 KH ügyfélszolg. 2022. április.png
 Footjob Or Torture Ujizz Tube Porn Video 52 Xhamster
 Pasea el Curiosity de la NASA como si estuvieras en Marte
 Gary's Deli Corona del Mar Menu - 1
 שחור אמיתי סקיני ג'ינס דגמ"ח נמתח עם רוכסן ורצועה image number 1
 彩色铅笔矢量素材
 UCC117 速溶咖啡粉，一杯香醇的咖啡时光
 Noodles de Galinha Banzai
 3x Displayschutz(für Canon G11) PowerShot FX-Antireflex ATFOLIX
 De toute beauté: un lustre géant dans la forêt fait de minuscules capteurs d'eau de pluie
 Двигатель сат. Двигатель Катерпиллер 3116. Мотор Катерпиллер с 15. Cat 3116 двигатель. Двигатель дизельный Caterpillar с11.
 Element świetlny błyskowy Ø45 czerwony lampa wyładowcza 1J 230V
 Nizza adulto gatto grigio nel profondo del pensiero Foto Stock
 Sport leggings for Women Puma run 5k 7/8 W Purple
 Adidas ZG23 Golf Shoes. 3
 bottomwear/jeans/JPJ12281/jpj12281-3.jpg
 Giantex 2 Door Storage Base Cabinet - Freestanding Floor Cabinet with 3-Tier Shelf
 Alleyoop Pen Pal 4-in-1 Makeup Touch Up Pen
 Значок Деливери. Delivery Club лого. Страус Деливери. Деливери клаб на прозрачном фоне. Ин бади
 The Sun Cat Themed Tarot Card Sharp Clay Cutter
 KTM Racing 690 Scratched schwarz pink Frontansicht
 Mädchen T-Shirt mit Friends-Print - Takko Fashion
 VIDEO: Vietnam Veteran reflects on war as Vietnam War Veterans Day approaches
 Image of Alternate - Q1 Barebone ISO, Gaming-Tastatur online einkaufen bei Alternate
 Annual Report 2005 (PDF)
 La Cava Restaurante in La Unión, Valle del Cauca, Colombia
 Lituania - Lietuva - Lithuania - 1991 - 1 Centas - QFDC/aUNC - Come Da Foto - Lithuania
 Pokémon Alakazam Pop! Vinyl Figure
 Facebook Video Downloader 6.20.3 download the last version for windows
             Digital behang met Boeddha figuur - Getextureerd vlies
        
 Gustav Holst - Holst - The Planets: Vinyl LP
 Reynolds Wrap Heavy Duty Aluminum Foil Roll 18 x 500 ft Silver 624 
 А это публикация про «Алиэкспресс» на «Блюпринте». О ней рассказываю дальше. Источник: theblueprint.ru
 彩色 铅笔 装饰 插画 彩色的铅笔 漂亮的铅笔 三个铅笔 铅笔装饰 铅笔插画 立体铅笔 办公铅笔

Work instruction: Going back over the entries above, copy word for word every line from the one that has "Element świetlny błyskowy" on through the one that has "The Sun Cat".

Task answer:
 Element świetlny błyskowy Ø45 czerwony lampa wyładowcza 1J 230V
 Nizza adulto gatto grigio nel profondo del pensiero Foto Stock
 Sport leggings for Women Puma run 5k 7/8 W Purple
 Adidas ZG23 Golf Shoes. 3
 bottomwear/jeans/JPJ12281/jpj12281-3.jpg
 Giantex 2 Door Storage Base Cabinet - Freestanding Floor Cabinet with 3-Tier Shelf
 Alleyoop Pen Pal 4-in-1 Makeup Touch Up Pen
 Значок Деливери. Delivery Club лого. Страус Деливери. Деливери клаб на прозрачном фоне. Ин бади
 The Sun Cat Themed Tarot Card Sharp Clay Cutter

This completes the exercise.